Model answers can vary on the same question on different runs. So this test may overreport False instances

In [None]:
def _is_last_number_close(last_number: str, ground_truth: str) -> bool:
    try:
        return abs(float(last_number) - float(ground_truth)) < 0.001
    except (ValueError, TypeError):
        return False

def is_ground_truth_correct(answer: str, ground_truth_list: list) -> bool:
    """
    Returns True if ANY of the ground_truth strings appear in the answer.
    """
    # Remove trailing whitespace and punctuation from model answer
    answer_clean = answer.strip().rstrip('.!**')
    answer_no_comma = " " + answer_clean.replace(",", " ") + " "

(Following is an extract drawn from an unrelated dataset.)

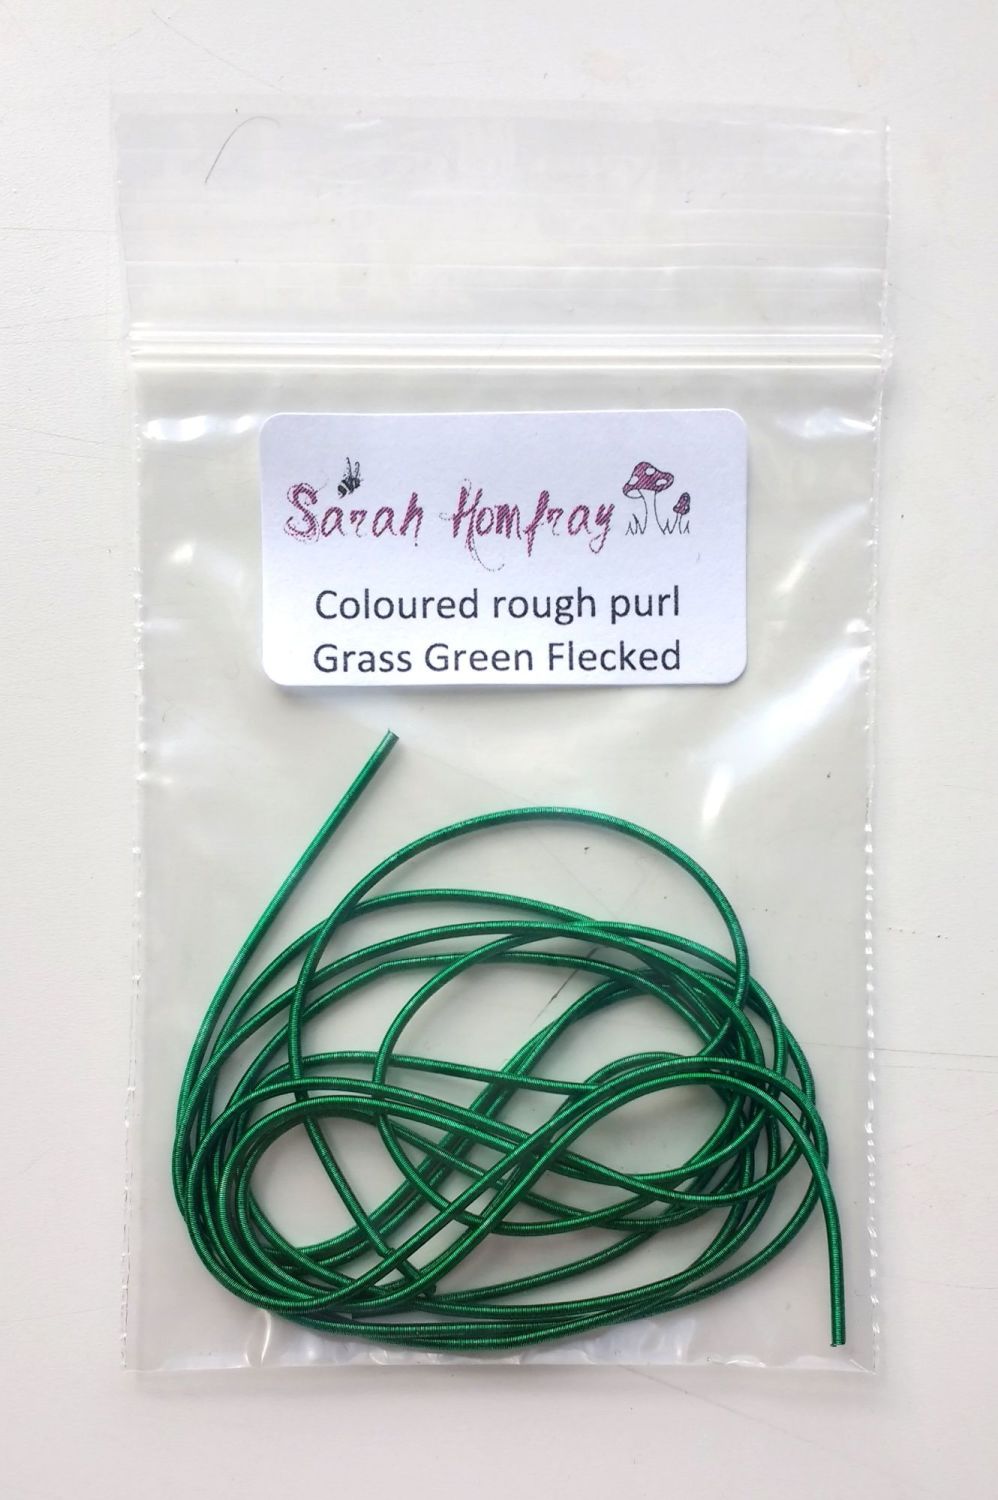 NEW! Coloured Rough purl no.6 - Grass Green Flecked

    for gt in ground_truth_list:
        # Standardize the current GT for comparison
        gt_clean = str(gt).strip()

        # Check various common formatting patterns
        found = (
            gt_clean == answer_clean or
            f"**{gt_clean}**" in answer or
            f"boxed{{{gt_clean}}}" in answer or
            f" {gt_clean}\n" in answer_no_comma or
            f" {gt_clean} " in answer_no_comma or
            answer_clean.startswith(gt_clean)
        )

        # For numeric strings, apply the float closeness check
        if not found:
            numbers = re.findall(r'-?[\d,]+', answer_clean)
            numbers_clean = [num.replace(',', '') for num in numbers]
            if numbers_clean and _is_last_number_close(numbers_clean[-1], gt_clean):
                found = True

        if found:
            return True

    return False

In [None]:
assert( is_ground_truth_correct("A: sea\nQ: etc", ["sea", "marine", "deep", "main"]))
assert( is_ground_truth_correct("sea\nQ: etc", ["sea", "marine", "deep", "main"]))

In [None]:
def check_baseline_accuracy(data):
    print("Checking baseline accuracy:")

    results = []
    for i, d in enumerate(data):
      the_prompt = d["prompt"] + " A: "

      # Generate output
      output = model.generate(the_prompt, max_new_tokens=CG.MAX_NEW_TOKENS, stop_at_eos=True, verbose=False)
      the_output = output.replace(the_prompt, "").strip()[:max_answer_chars]

      is_correct = is_ground_truth_correct(the_output, d["gt"])
      results.append({"prompt": the_prompt[-35:], "output": the_output[:30], "correct": bool(is_correct)})

    accuracy_df = pd.DataFrame(results)
    correct_answers_count = accuracy_df['correct'].sum()
    total_answers_count = len(accuracy_df)

    print(f"Accuracy: {correct_answers_count} of {total_answers_count} = {correct_answers_count / total_answers_count * 100:.2f}%")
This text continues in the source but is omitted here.